Pioli, L., Pili, S., Pili, V., Scollo, S., De Beni, E., Cantarero, M. (2023): Integrating field and monitoring data for hazard assessment: an Etna type case, XXVIII General Assembly of the International Union of Geodesy and Geophysics (IUGG) (Berlin 2023).
https://doi.org/10.57757/IUGG23-4413

Cite as: https://gfzpublic.gfz-potsdam.de/pubman/item/item_5021844

Abstract

Remote sensing of volcanic activity is an essential tool for hazard quantification and risk assessment. Monitoring often provides a unique source of data from which information on the eruption could be safely gathered. However, an accurate reconstruction of complex dynamics and mixed (effusive/explosive) events require complementing monitoring observations with field surveys and deposit studies. Deposit data are essential not only for the calibration of remote sensing techniques but also for the characterization of magma properties, fragmentation mechanisms, and an accurate description of the eruptive dynamics. We are presenting a detailed reconstruction of the 10 February 2022 SEC eruption of Etna (Italy), combining visual, thermal, UAS and satellite data with field surveys.

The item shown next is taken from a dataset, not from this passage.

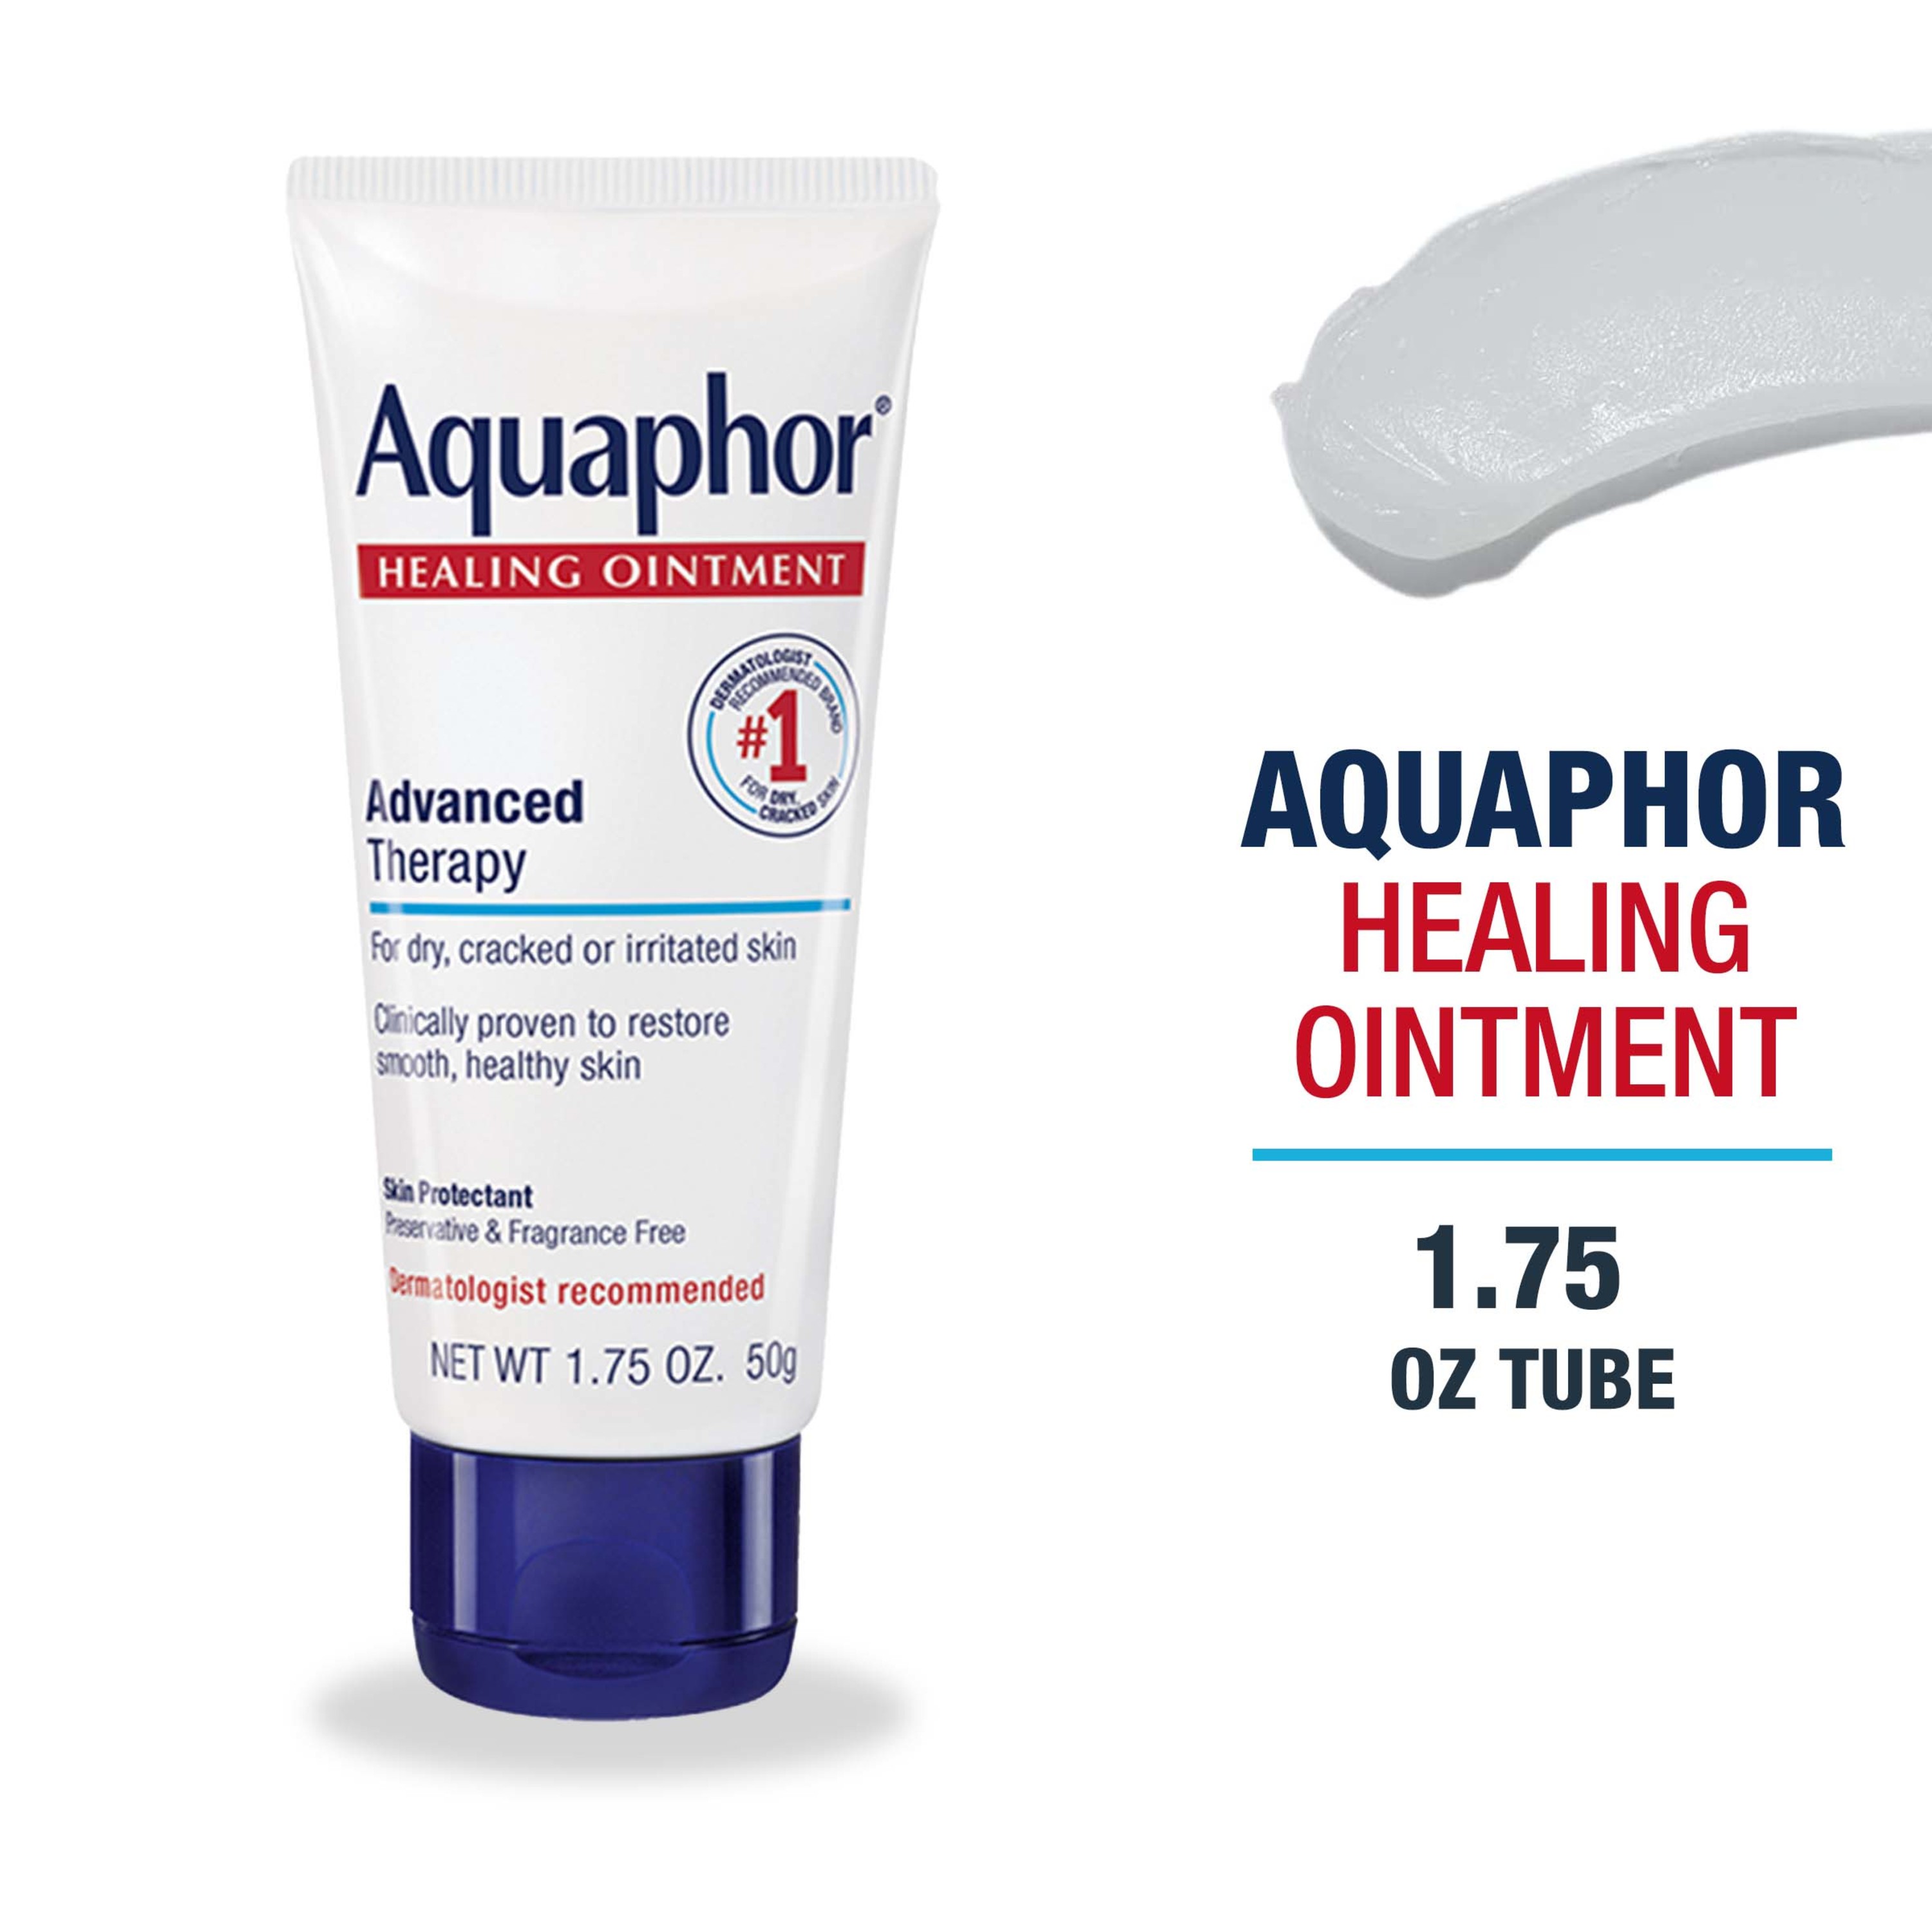 Aquaphor Healing Ointment Skin Protectant, Use After Hand Washing, 1.75 oz. Tube - image 1 of 17

While a lava flow was continuously fed, explosive activity started and climaxed with the generation of a lava fountain which lasted about 100 min and formed a plume rising up to 13 km a.s.l., extending up to 60 km to the NW. In the meanwhile, explosions triggered cone instability and a series of 10 collapses generating flows running to the S and E. Tephra blanket volume, grainsize and componentry were calculated based on samples collected from 26 outcrops at distances ranging from 1 to 26 km from the vent; flow lobes volume, grainsize and componentry were assessed based on data collected from UAS surveys and stratigraphic data and samples from more than 30 trenches. Finally, by comparing field and monitoring data we obtained a full reconstruction and quantification of the eruptive sequence.